The biggest concern among small-company senior executives is the difficulty of passing on rising costs to customers, according to a new survey by Merrill Lynch.
Merrill polled CEOs, CFOs, and COOs at 168 companies with market capitalizations between $88 million and $2.4 billion (as of December 2004). About 21 percent of respondents — nearly twice as many as in the first quarter of 2005 — said that pricing pressures would be a major issue for their businesses during the next 12 months. And 40 percent cited pricing as their primary tool for addressing competition in 2006, compared with 35 percent a year earlier.
The survey also found that 29 percent of respondents cited labor costs, rather than commodities, as the greatest threat to operating margins during the next 12 months, an increase of 7 percentage points compared with the first quarter of 2005. Commodity prices remain a concern, but the number of executives who identified them as a major worry rose only slightly. Merrill also reported that participants are worried about rises in benefit and health-insurance costs, indicating that “margins may come under further pressure as we progress through 2006.”
When leaders of small companies are not worrying about costs, increasing market share remains a key goal; in fact, it is the primary goal of 59 percent, compared with 50 percent in the first quarter of last year. A majority of survey participants expect to achieve this growth organically rather than through M&A, Merrill reported.

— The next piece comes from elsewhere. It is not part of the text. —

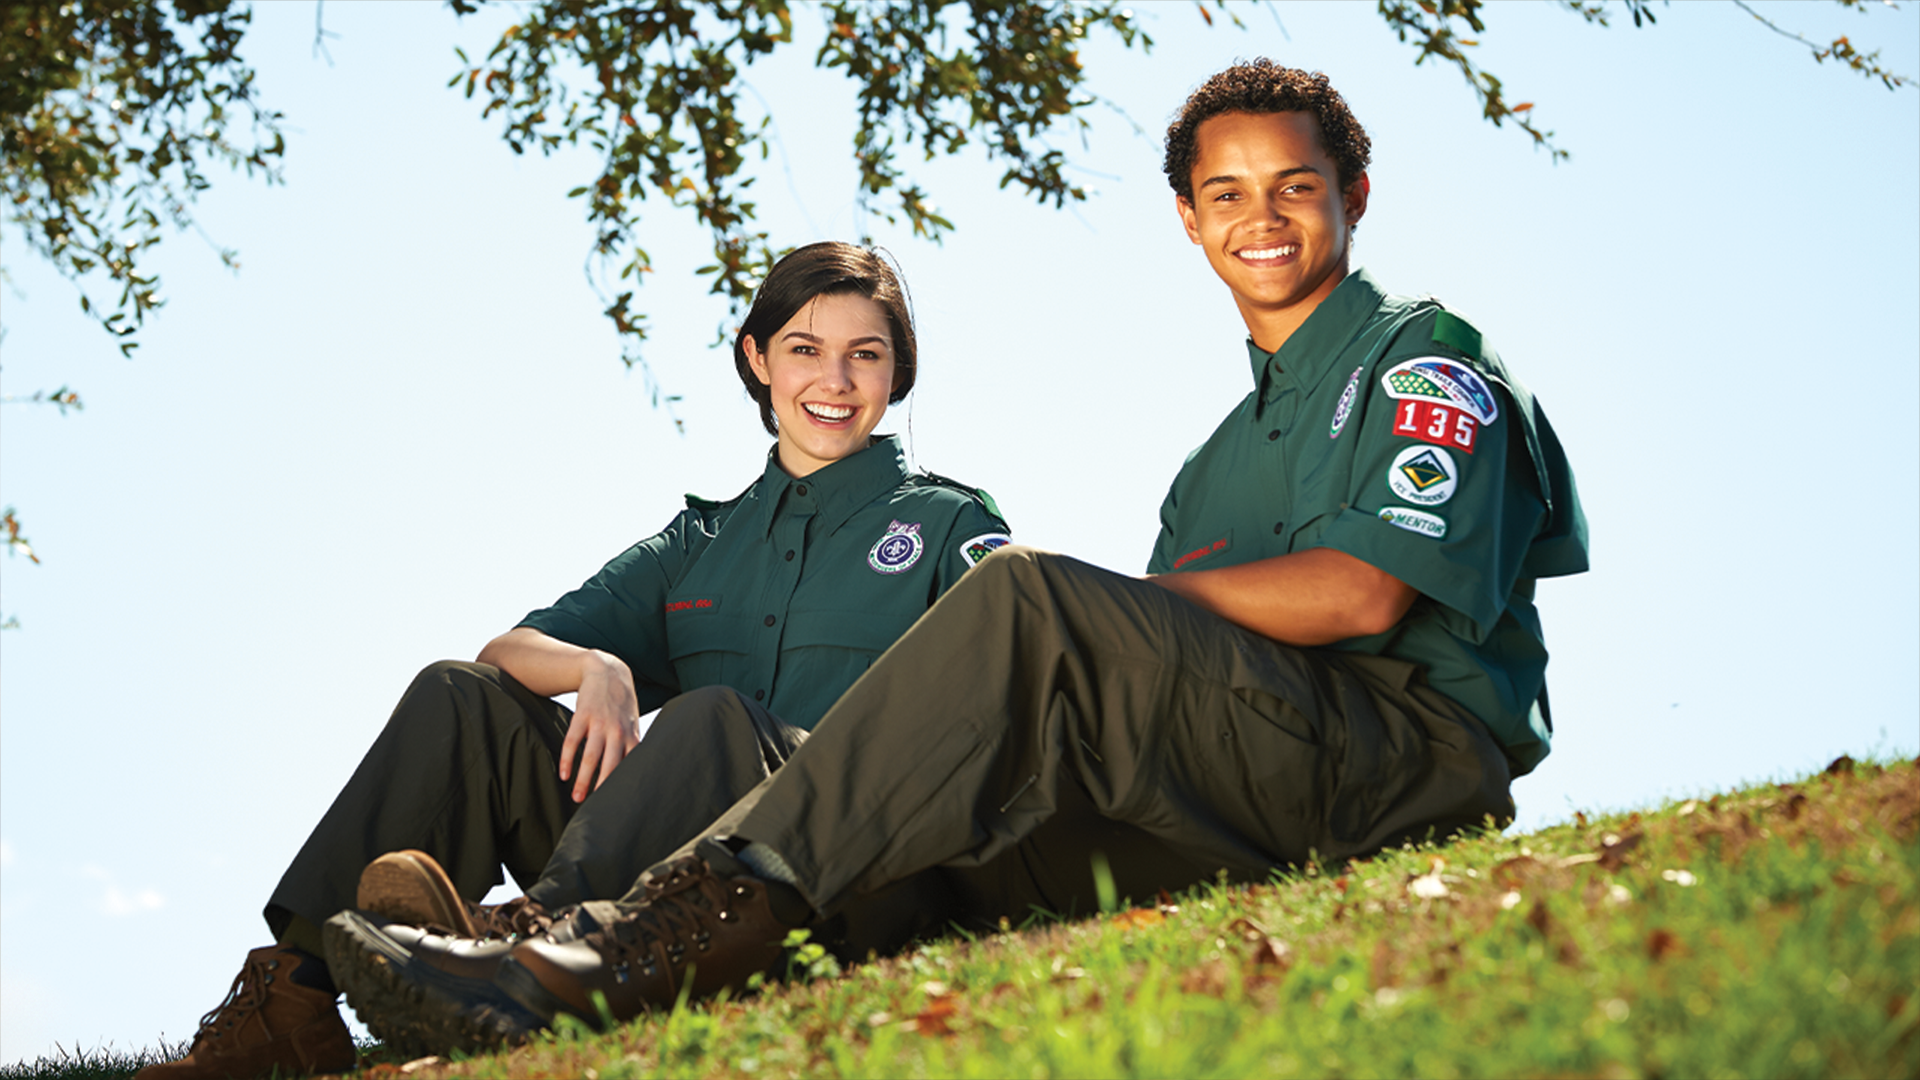 Two young adults wearing Venturing uniforms, one female and one male, are smiling at the camera while sitting on a hill

Despite the surge in short-term rates over the past year-and-a-half or so, 40 percent of respondents said they believe credit terms have improved. Only 7 percent cited funding availability as a primary challenge for growth in the next 12 months.
As for what these companies plan to do with borrowed money, 38 percent expect that M&A will be the biggest driver of their financing needs in 2006, especially in the capital-goods and financial sectors.